Festival del Sarà libreria Ubik Termoli

​Il Festival del Sarà conquista Termoli: 10 titoli in vetrina e corner in piazza

Dai droni alla leadership empatica: tutti i libri del Festival del Sarà nelle vetrine di Termoli

Termoli – Dal primo al 20 luglio la libreria Ubik di Termoli, nel cuore del passeggio della cittadina adriatica, espone in vetrina tutti i libri dell’undicesima edizione del Festival del Sarà – Dialoghi sul futuro, segnalati da una vetrofania con il logo della manifestazione: dieci titoli in bella vista, selezionati tra quelli presentati nel corso delle cinque tappe che hanno attraversato Bergamo, Roma, Torino, Bologna e ora Termoli.

Nelle 3 serate del Festival del 17, 18 e 19 luglio invece la libreria Fahrenheit, storica libreria indipendente di Termoli, allestirà un corner-book direttamente in Piazza Duomo a pochi passi dal palco, per consentire al pubblico di acquistare sul posto i libri presentati durante le serate.

I titoli presentati nelle tappe di Bergamo, Roma, Torino e Bergamo durante l’undicesima edizione: “La guerra è cambiata.

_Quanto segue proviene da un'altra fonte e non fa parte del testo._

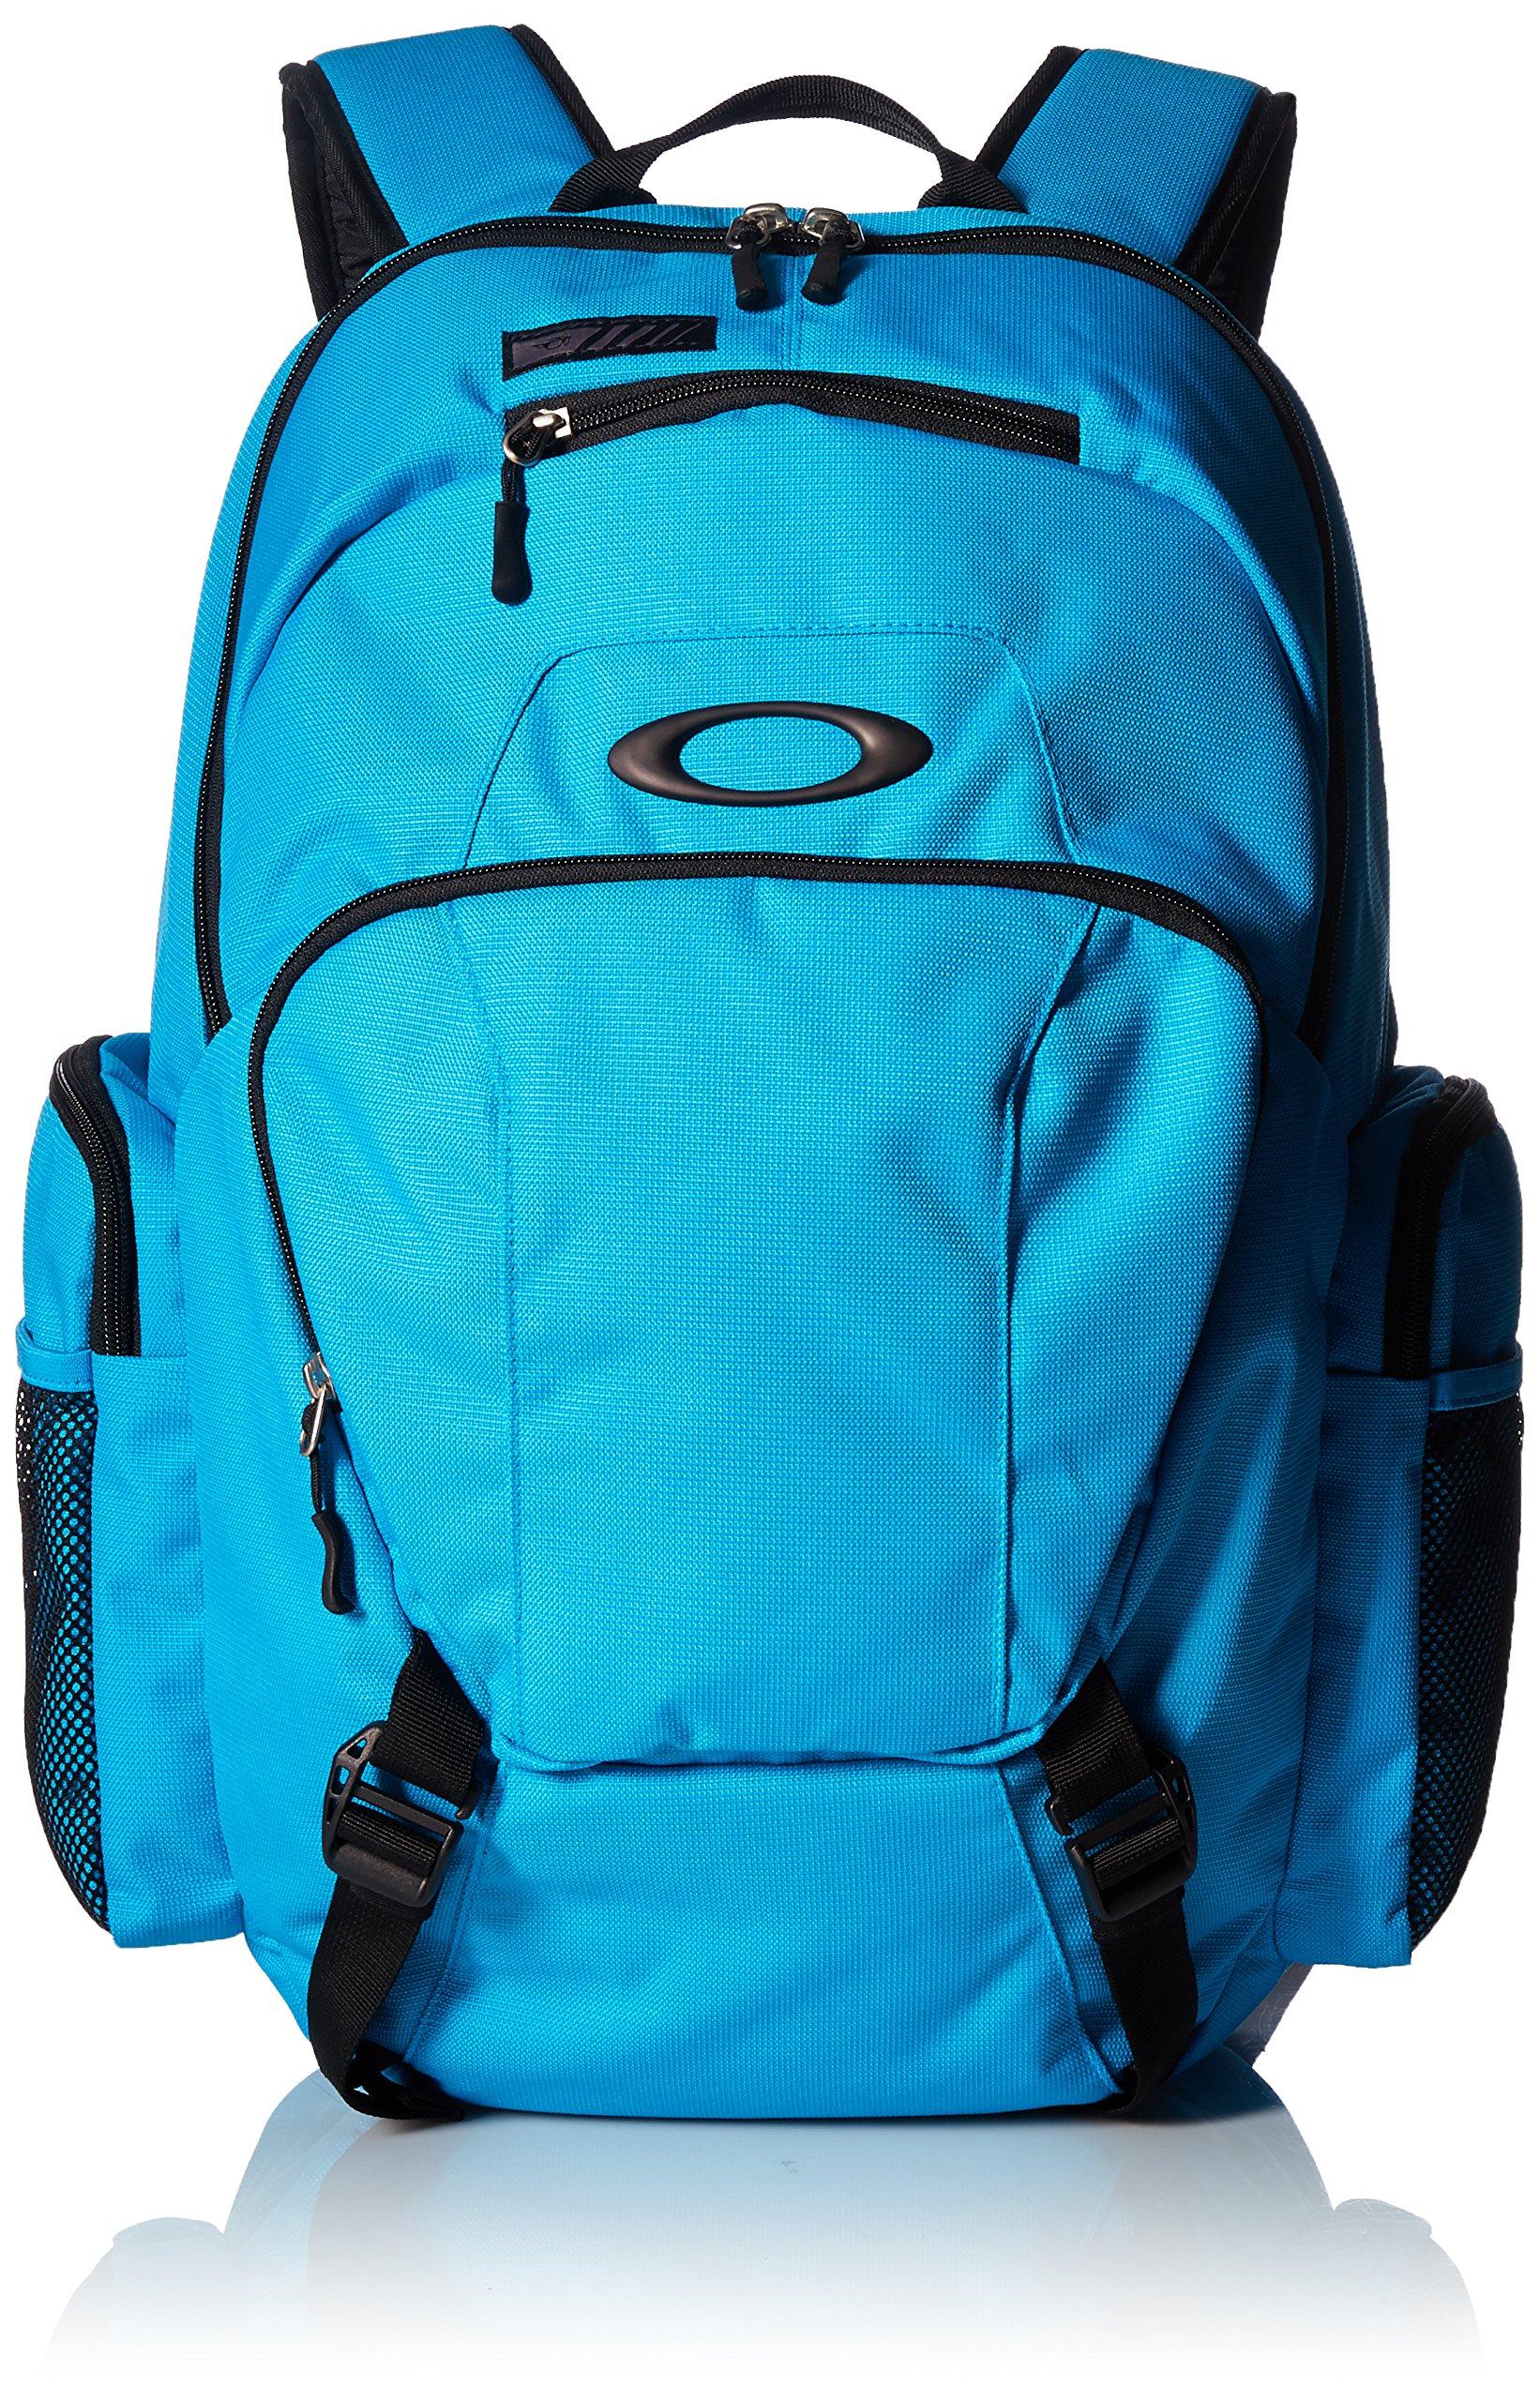 Oakley Luggage: Amazon.com

Droni, IA e mercenari” di Alessandro Arduino (Giulio Einaudi editore); “Contro gli imperi. Il futuro delle nostre democrazie nel nuovo ordine mondiale” di Vittorio Emanuele Parsi (Saggi Bompiani); “The Italian Dream. Riprendersi il futuro” di Alec Ross (Feltrinelli). Per la quinta tappa di Termoli stanno presentati: “Alleati digitali. La nostra IA personale” di Guido Saracco (Editori Laterza); “Come si va in guerra. Propaganda, interessi, ideologie: cosa infiamma lo scontro tra potenze” di Manlio Graziano (Feltrinelli); “La stagione dell’identità. Dalla Brexit a Trump, perché orgoglio e valori contano più di salari e welfare” di Domenico Petrolo (Orizzonti Franco Angeli); “Arcipelago delle realtà” di Andrea Colamedici (UTET); “Rossobruni. Quando gli estremi si uniscono per colpire la democrazia” di Stefano Cappellini (UTET); “Estremi. Il mondo in bilico tra caos e polarizzazione” di Gianluca Ansalone (Guerini e Associati); “Gentilezza in prestito. Perché la leadership empatica salverà il mondo”, in cui Antonello Barone intervista Andrea Di Vincenzo (Ianieri Edizioni).

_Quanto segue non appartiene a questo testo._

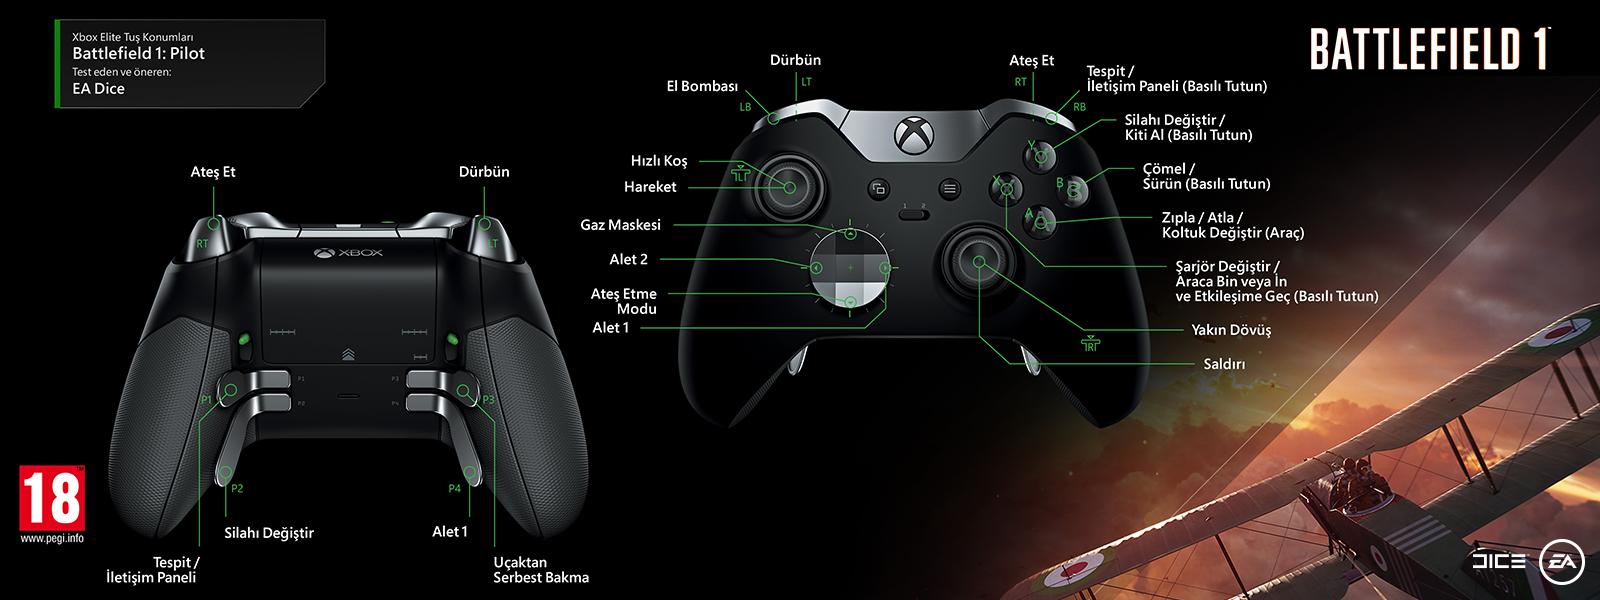 Battlefield 1 – Pilot Elite Kontrol Düzeni

“Gentilezza in prestito. Perché la leadership empatica salverà il mondo”, Antonello Barone intervista Andrea Di Vincenzo (Ianieri Edizioni).
È in uscita il secondo libro della collana “Voci dal territorio” curata da Antonello Barone per Ianieri Edizioni dal titolo “Gentilezza in prestito. Perché la leadership empatica salverà il mondo | Conversazione con Andrea Di Vincenzo, Ad di Prestiter”. Il volume sarà presentato la sera del 19 luglio 2026 al Festival del Sarà – Dialoghi sul futuro in concomitanza con l’uscita in libreria.

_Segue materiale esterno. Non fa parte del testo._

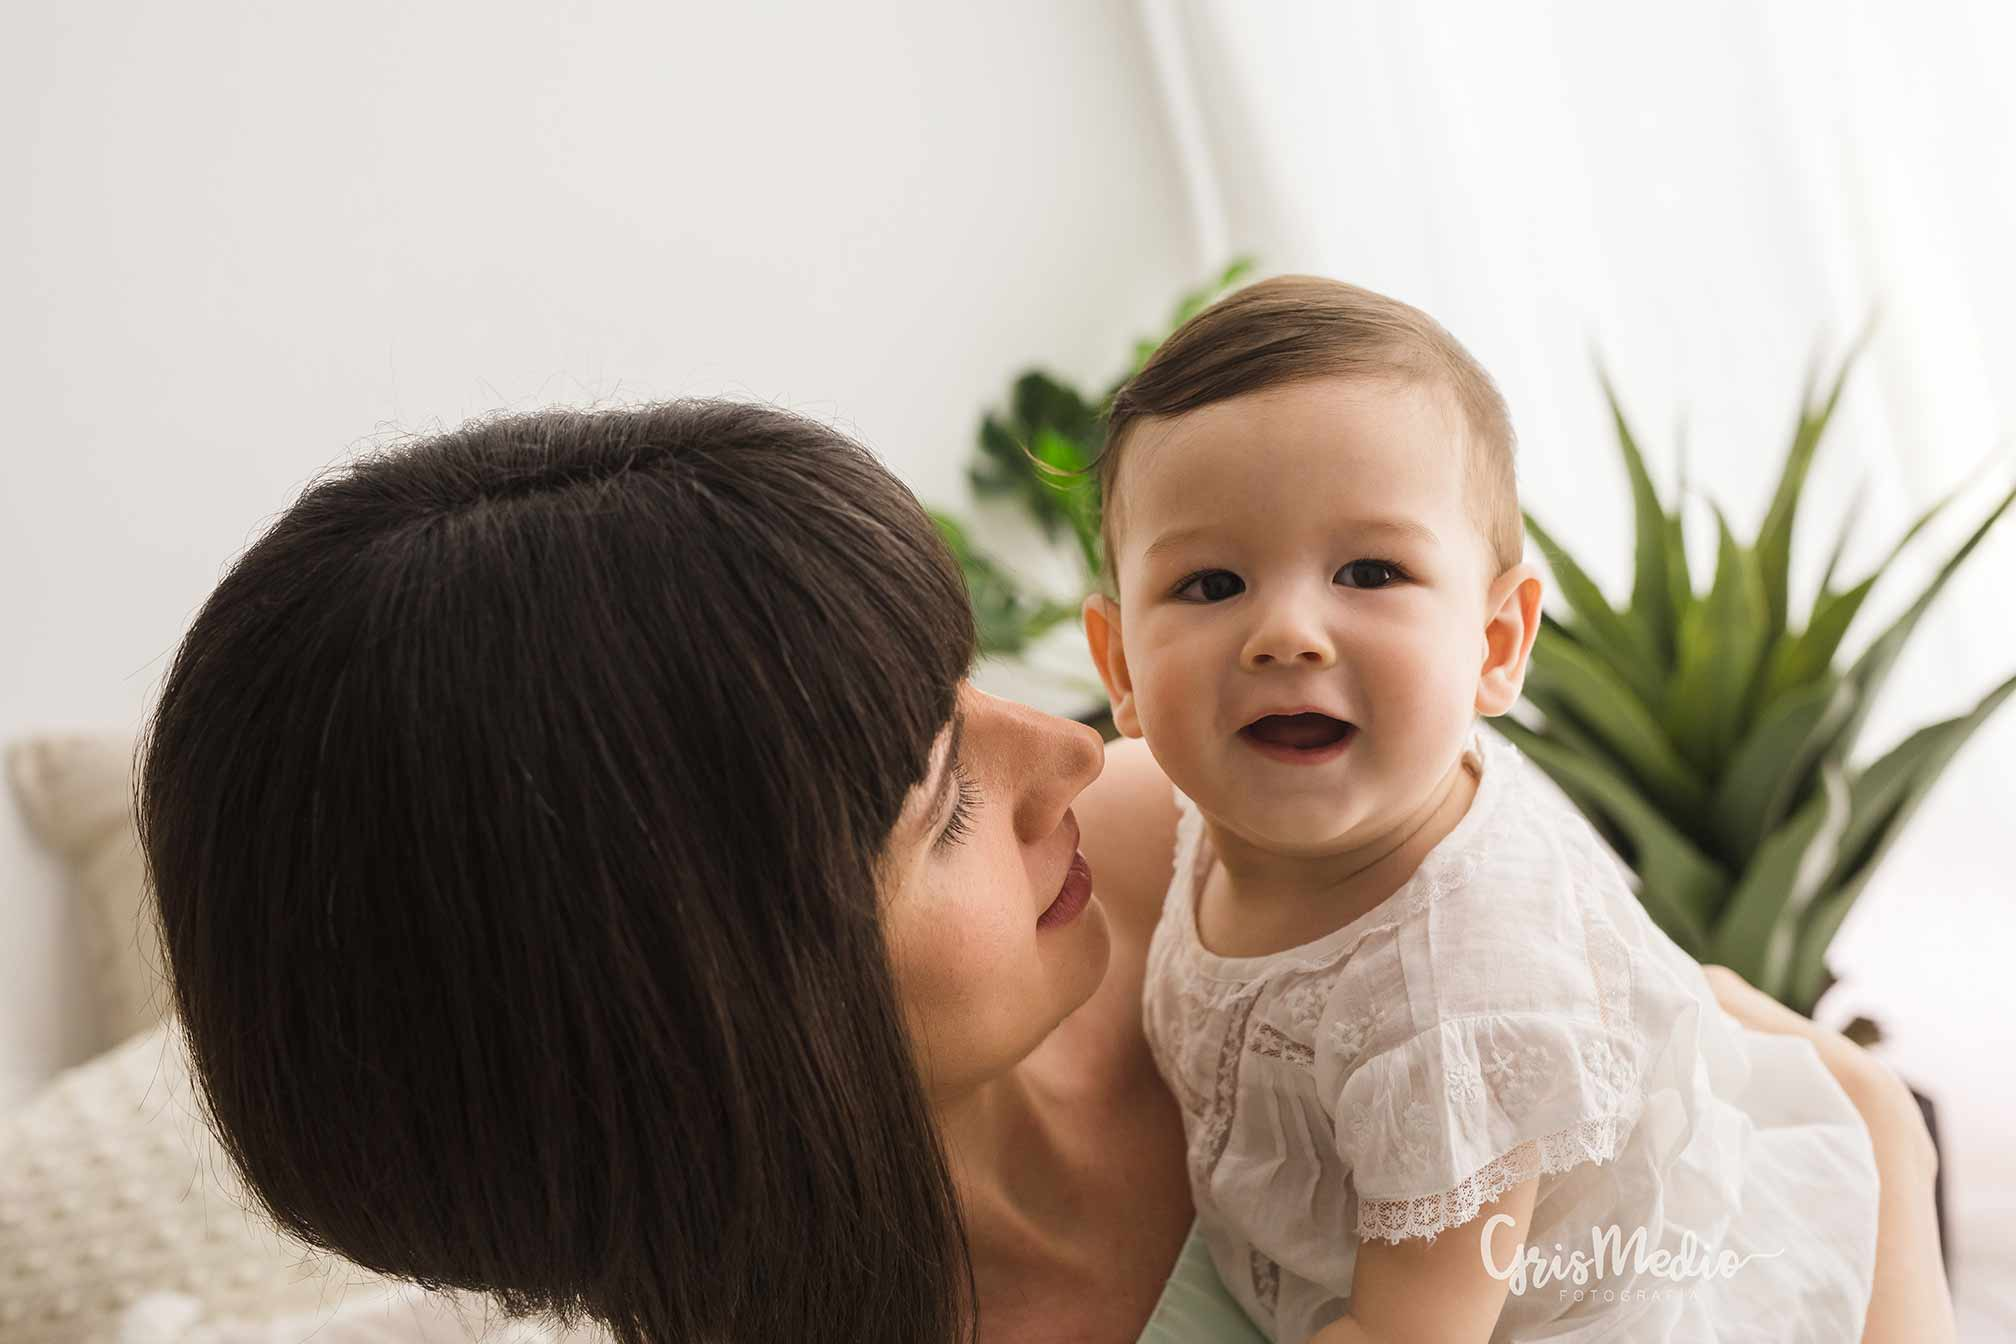 fotografia-familia-infantil-zaragoza-grismedio-bebe-lactancia7

Sinossi del libro: “E se la gentilezza fosse la forma più radicale di resistenza per aiutare a guarire questo mondo impazzito?”
«E se la gentilezza fosse la forma più radicale di resistenza per aiutare a guarire questo mondo impazzito? Andrea Di Vincenzo non è un filosofo. È un imprenditore. Gestisce un’azienda di credito al consumo, uno dei settori più complessi del sistema finanziario italiano, e ha scelto di farlo con rispetto, trasparenza e cura delle persone. Mentre il mondo intorno brucia, in riva all’Adriatico c’è un uomo che lavora con numeri e metodo e non dimentica il bambino introverso che fu, intento a giocare di fantasia con una calcolatrice rotta. Un imprenditore che non sfugge alle proprie responsabilità. Persuaso che la risposta al caos si trovi nell’attitudine a praticare la gentilezza. Antonello Barone lo ha ascoltato per mesi. Ne è uscita una conversazione che accende la luce su un’impresa di successo, ma parla soprattutto di come affrontare il presente per preparare il futuro e vincere le sfide tecnologiche che erodono l’essenza dell’essere umano. In quest’epoca di ipnocrazia e dominio, di supremazia e sopraffazione, di istinti predatori e abbandono delle regole, due uomini si confrontano sul perché chi ha, in qualsiasi contesto, responsabilità di comando debba prendersi cura degli altri invece di rivendicare un potere senza controlli. La gentilezza non è debolezza. È l’unico atto politico necessario per preservare la democrazia, il nostro benessere diffuso. La nostra civiltà. Andrea Di Vincenzo: «La gentilezza si moltiplica. La violenza si consuma. Ho scelto di stare dalla parte della gentilezza».